Сидорин-старший с изумлением смотрел на сына. Нет ни усмешки, ни иронии в глазах. Скорее, какая-то грусть.
— А почему так печально, сынок? Главное ввязаться в драку, понимаешь?
— Понимаю.
— И все получится! Вот увидишь.
— Конечно. Но я хочу получше подготовиться к вступительным экзаменам, и поэтому у меня к тебе просьба, точнее, даже две.
— Слушаю тебя, сынок.
— Позволишь приходить к тебе на работу — буду рад. Если на что сгожусь — лекарства, скажем, принести…
Эмоциональный Василий Иванович не сдерживал своих чувств:
— Позволю ли я? Да я от тебя два года этих слов жду… Ну да ладно, а какая вторая просьба?
— Скоро весенние каникулы. Ты не возражаешь, если я съезжу на неделю к дяде Вите?
— Зачем? И как же подготовка к экзаменам?
— Во-первых, я не собираюсь шататься по Москве. Во-вторых, я возьму с собой учебники. В-третьих, мне хочется пообщаться с дядей, может, он сводит меня к себе на работу. И, пожалуй, самое главное: Ольга, его дочь и моя двоюродная сестра, на биофаке МГУ учится.
— Ну?
— Что, не понимаешь? Проблемы у меня — с химией и с биологией, а она в этих вещах дока. Глядишь, поднатаскает меня.
— Молодец. Все четко и ясно сформулировал. Считай, разрешение ты получил. А ко мне на работу можешь приходить хоть завтра. Для начала, посмотришь, как режут банальный аппендицит. Ну, а если повезет, увидишь что-нибудь более интересненькое.
— А говоришь, Разумовский не прав.
— Нет, я так не говорил… Я сказал, что доля истины…
Такого славного ужина давно не было в семье Сидориных.
* * *Храма в Упертовске никогда не было, но святое место все-таки имелось.
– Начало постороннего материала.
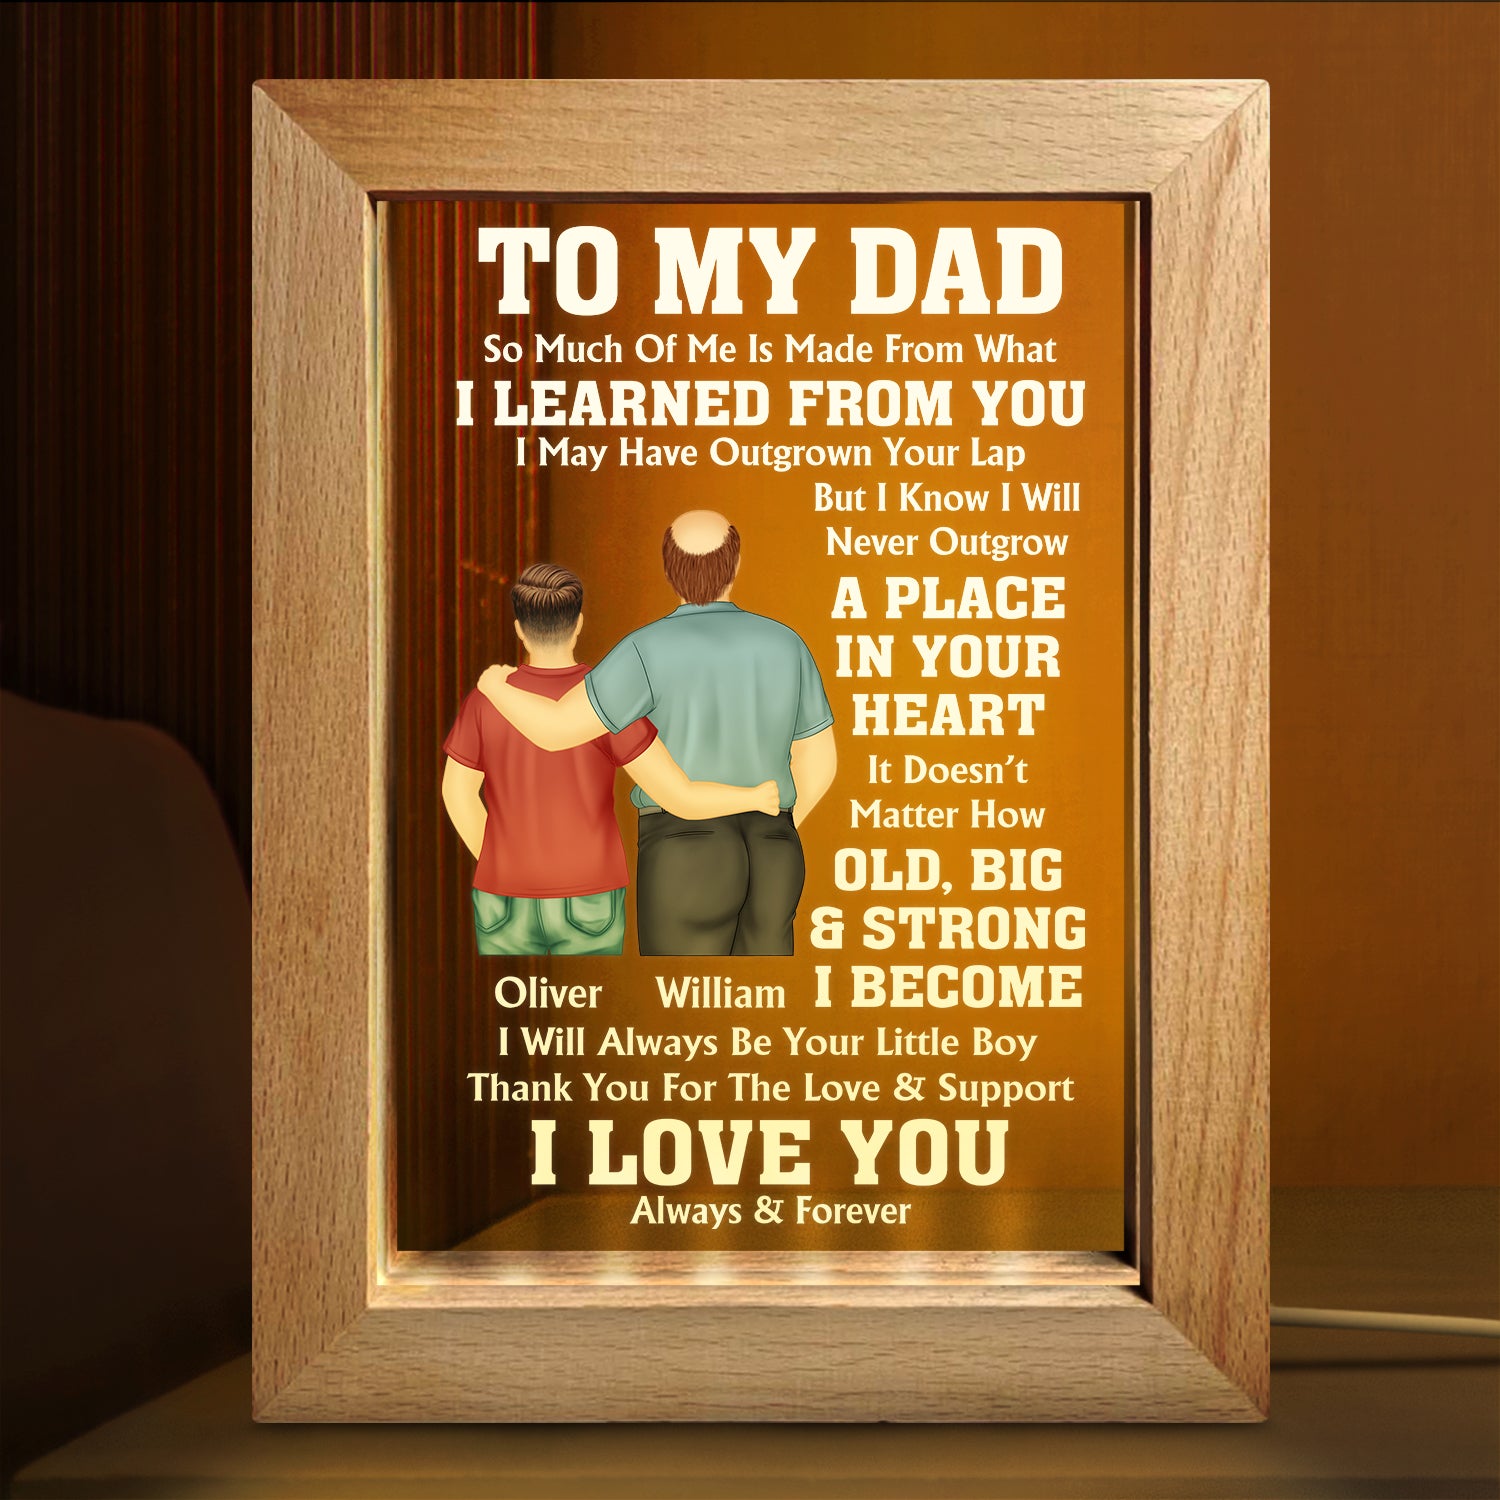 So Much Of Me - Gift For Dad, Father, Grandpa - Personalized Frame Lamp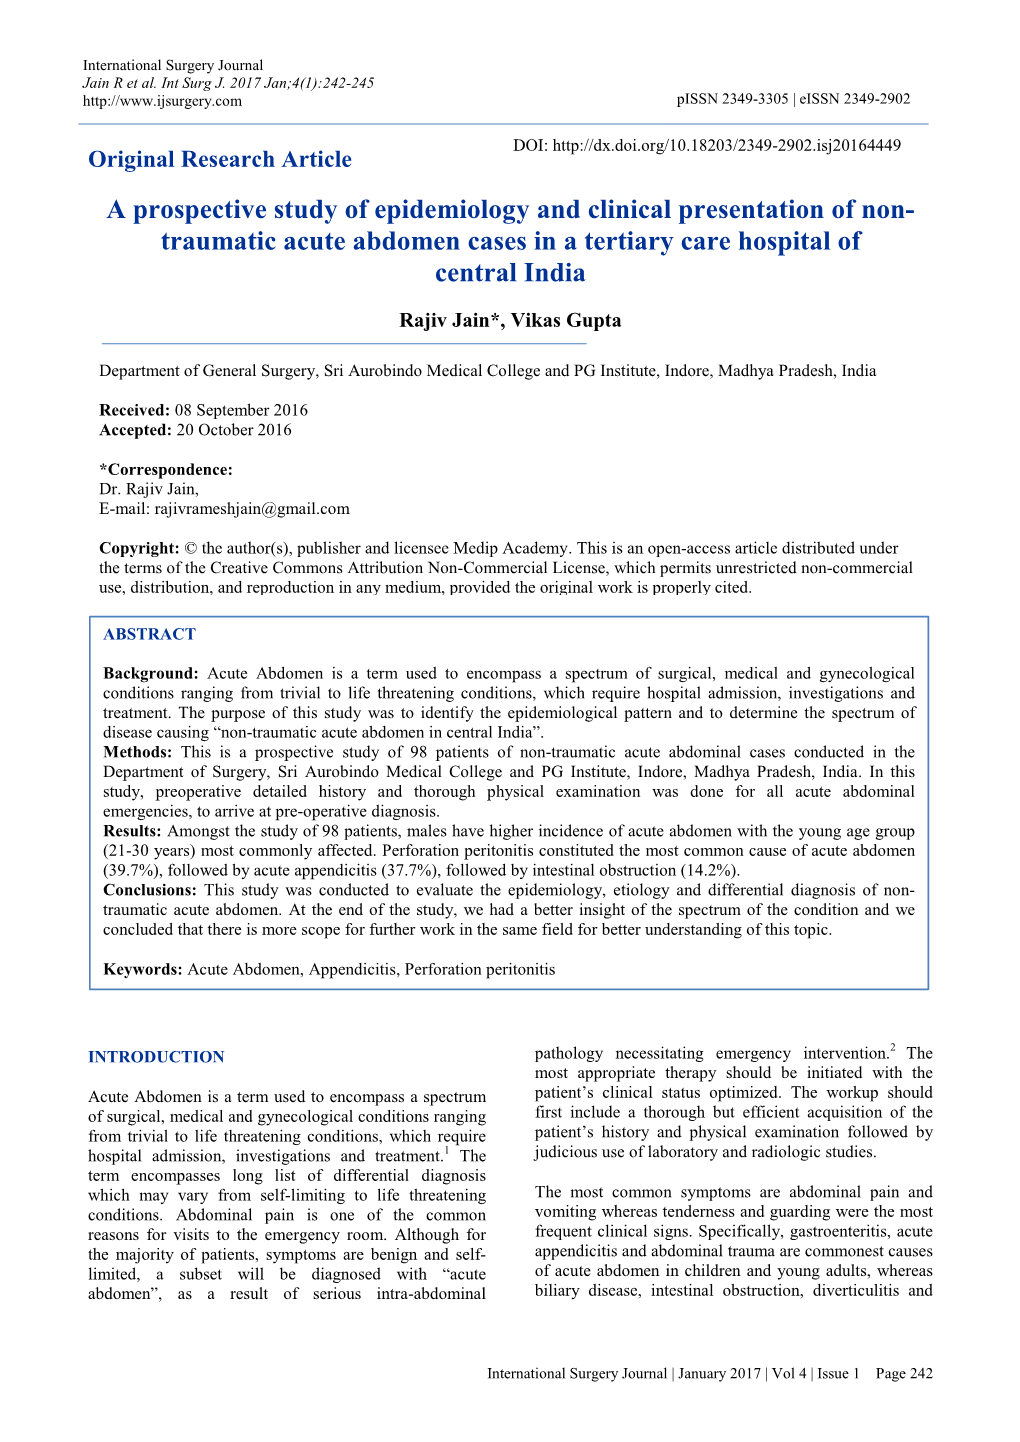 Traumatic Acute Abdomen Cases in a Tertiary Care Hospital of Central India

Для многих упертовцев таким местом являлся рынок. Впрочем, местному люду нравилось другое слово — базар. Каждое воскресенье сотни, если не тысячи жителей Упертовска — мал и велик — шли сюда. Людей посмотреть, себя показать, узнать последние новости, наконец, прикупить чего-нибудь. Поэтому Асинкрит, ковавший железо, пока оно горячо, знал, что делает, отправляясь рано утром на рынок. А на ловца, как известно, и зверь бежит. «Зверем» оказалась учительница русского языка, нагруженная как хороший тяжеловоз. Женщина она была нрава крутого, но не злопамятного, учителем не блестящим, однако не плохим. Асинкрит, обгоняя ее, очень естественно не заметил свою наставницу, затем, случайно обернувшись, «заметил».